The global shipping network is widely recognized as a pathway for vectoring invasive species. One insect species that is known to have spread throughout the world by shipping, including transportation by ships and shipping containers, is the gypsy moth, Lymantria dispar. This species may be introduced into a new area when the port has a suitable climate for the survival and establishment of the species. Two subspecies, with different geographical origins, are known today, and the global distribution threat from the Asian subspecies has been estimated using a CLIMEX model (Paini et al., 2018).

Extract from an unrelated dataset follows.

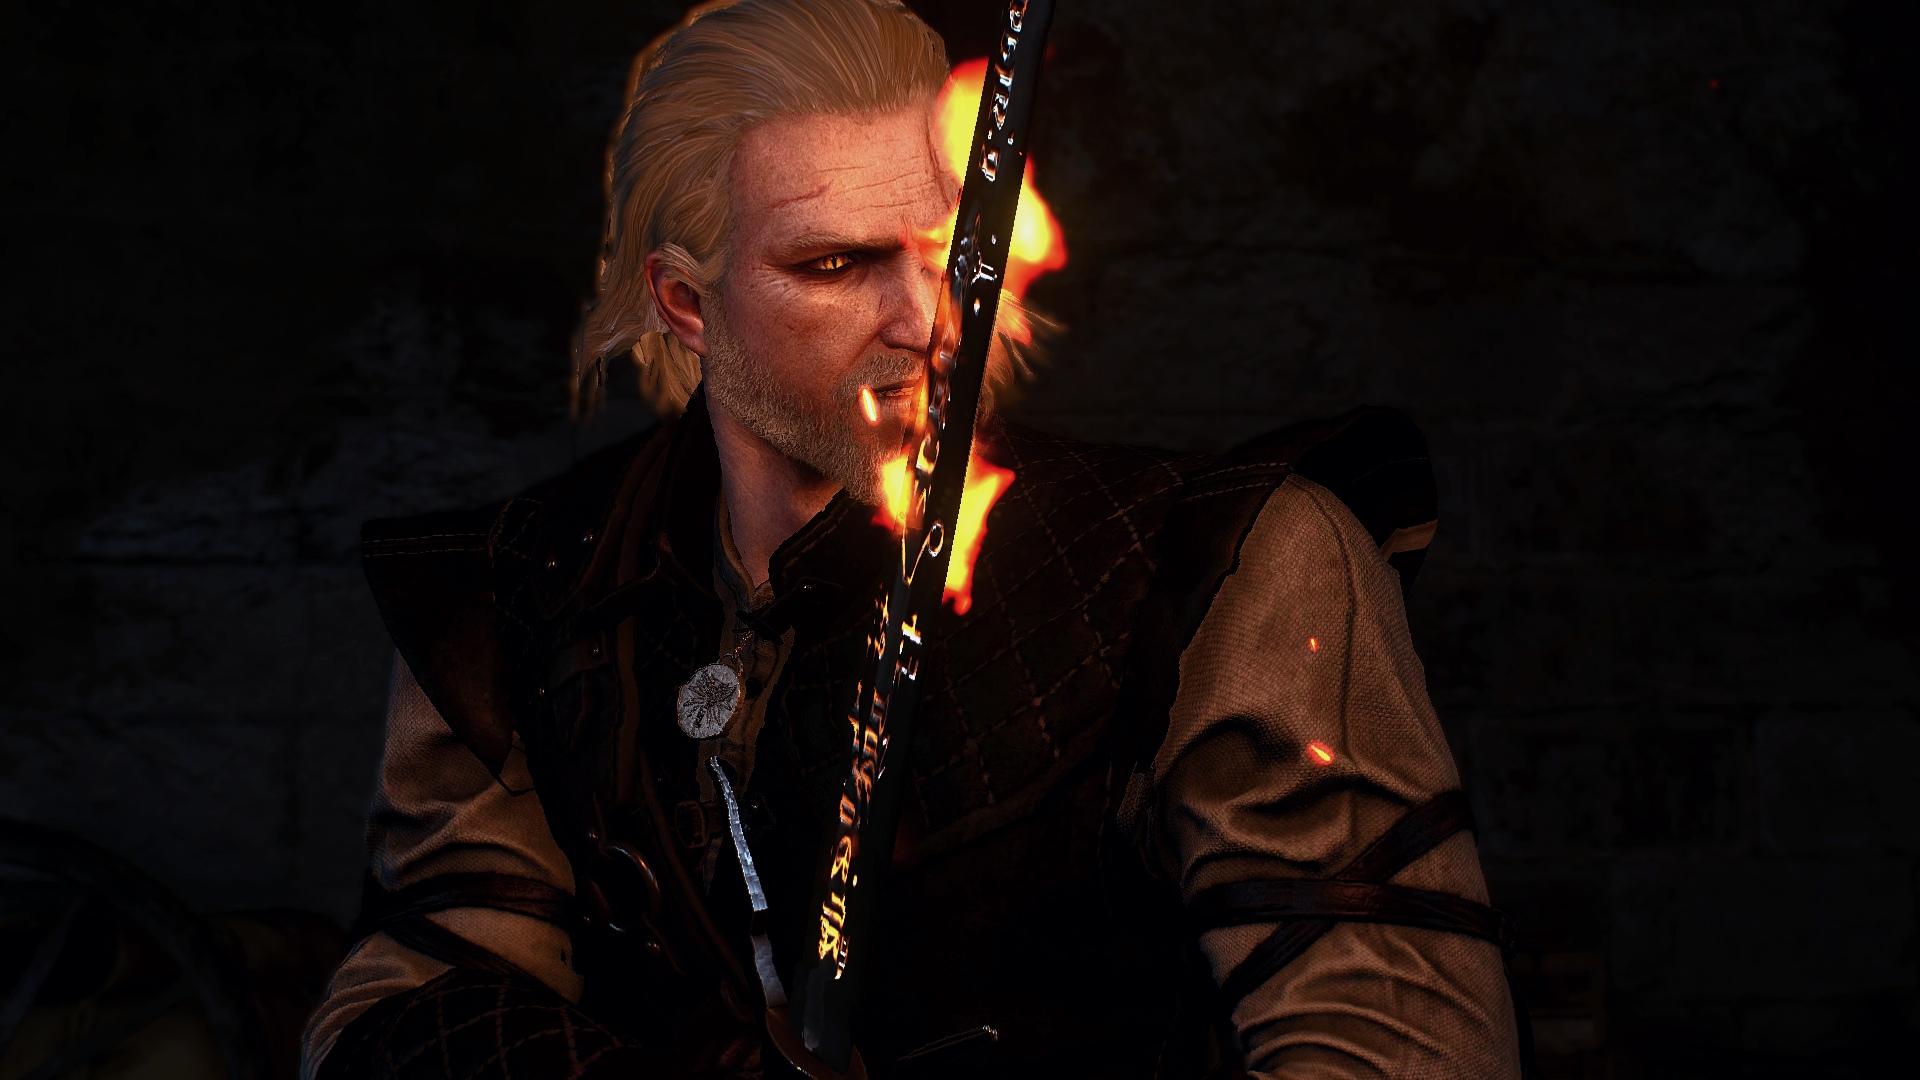 qk7eBjekckM.jpg - The Witcher 3: Wild Hunt

The brown marmorated stink bug heteropteran Halyomorpha halys (Hemiptera: Pentatomidae) is another example of an invasive insect travelling mainly through international trade as a contaminant of non-regulated goods such as machinery, containers and vehicles, but also by passengers and to a lesser extent through movement of plant material. It is highly polyphagous, feeding on more than 300 plant-host species, including food crops, forest trees and ornamentals. This pest has caused serious economic losses in hazelnut crops in Georgia and fruit crops in Italy since its introduction – most likely from North America. A detailed report of a pest risk assessment for the introduction and establishment of H. halys can be found in Burne (2019).

Passengers

People, with their leisure or business travel, are perfect vectors of pests, particularly in the absence of strict controls at points of entry. Leisure travel, in particular, is often associated with people bringing back food, seeds or exotic plants, and these can be infested with pests or can themselves be a pest. To counter this, an increasing number of countries are establishing campaigns at points of entry (airports and harbours), aimed at increasing the public’s understanding of the threat to biosecurity posed by the movement of plants and plant parts. Many countries inspect baggage and mail for food and other biosecurity-risk material and encourage incoming passengers to declare potential biosecurity risks. They screen passengers and their baggage using X-rays, detector dogs and manual inspections. Passengers with risk materials may be fined or even refused entry. In this respect, countries such as Australia, New Zealand and the United States of America (McCullough et al., 2006) have a long history of strict control, as well as of collecting and reporting data on interceptions.

Natural dispersal

There are examples where native and non-native pests have significantly expanded their geographical ranges naturally (i.e. not assisted by humans). These are usually in relation to major changes in host distribution or climate. Of the changes in climate, increasing temperatures have particularly facilitated range expansion in pests, especially at higher latitudes and altitudes. In Europe, for example, higher winter temperatures have increased the larval survival and nocturnal adult dispersal of the pine processionary moth, Thaumetopoea pityocampa, allowing the northern expansion of its range (Battisti et al., 2006). In addition, wind and storms can transport spores of pathogens over long distances, even across continents. For example, changing wind or storm patterns are projected to promote the future distribution of wheat stem rust, caused by Puccinia graminis (Prank et al., 2019). Also, myrtle rust (Austropuccinia psidii), detected for the first time in Australia in 2010 on the central coast of New South Wales, is expanding its distribution and can now be found in a range of native forest ecosystems, with disease impacts ranging from minor leaf spots to severe shoot and stem blight and tree dieback (Pegg et al., 2017). The distribution of several pests, including fruit flies, can be affected through hurricanes in the Caribbean, Central America, and the southern United States of America. For example, Flitters (1963), when following the hurricane “Carla”, observed that several insect species emerged in unusually large numbers in Texas, suggesting that they had been transported there by the hurricane from distant locations.